→ Exercise prompt
Exactly as they appear below, repeat the lines from the one with "مميزات التعليم الخاص والتجريبي واللغات" through the one with "Kult-Trainer Jürgen Klopp", and no others.

→ Provided data
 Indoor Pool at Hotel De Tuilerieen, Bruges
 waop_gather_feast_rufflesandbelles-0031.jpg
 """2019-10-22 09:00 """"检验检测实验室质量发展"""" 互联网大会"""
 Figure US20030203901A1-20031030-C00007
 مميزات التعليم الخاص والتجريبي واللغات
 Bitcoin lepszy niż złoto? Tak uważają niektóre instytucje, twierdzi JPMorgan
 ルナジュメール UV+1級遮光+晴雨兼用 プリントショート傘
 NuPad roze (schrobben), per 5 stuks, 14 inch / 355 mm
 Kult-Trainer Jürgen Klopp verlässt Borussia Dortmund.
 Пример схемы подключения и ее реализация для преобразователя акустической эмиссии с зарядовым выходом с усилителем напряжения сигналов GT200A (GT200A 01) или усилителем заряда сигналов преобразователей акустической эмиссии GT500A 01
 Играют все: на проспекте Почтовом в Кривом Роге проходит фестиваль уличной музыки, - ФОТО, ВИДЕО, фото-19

→ Written solution
 مميزات التعليم الخاص والتجريبي واللغات
 Bitcoin lepszy niż złoto? Tak uważają niektóre instytucje, twierdzi JPMorgan
 ルナジュメール UV+1級遮光+晴雨兼用 プリントショート傘
 NuPad roze (schrobben), per 5 stuks, 14 inch / 355 mm
 Kult-Trainer Jürgen Klopp verlässt Borussia Dortmund.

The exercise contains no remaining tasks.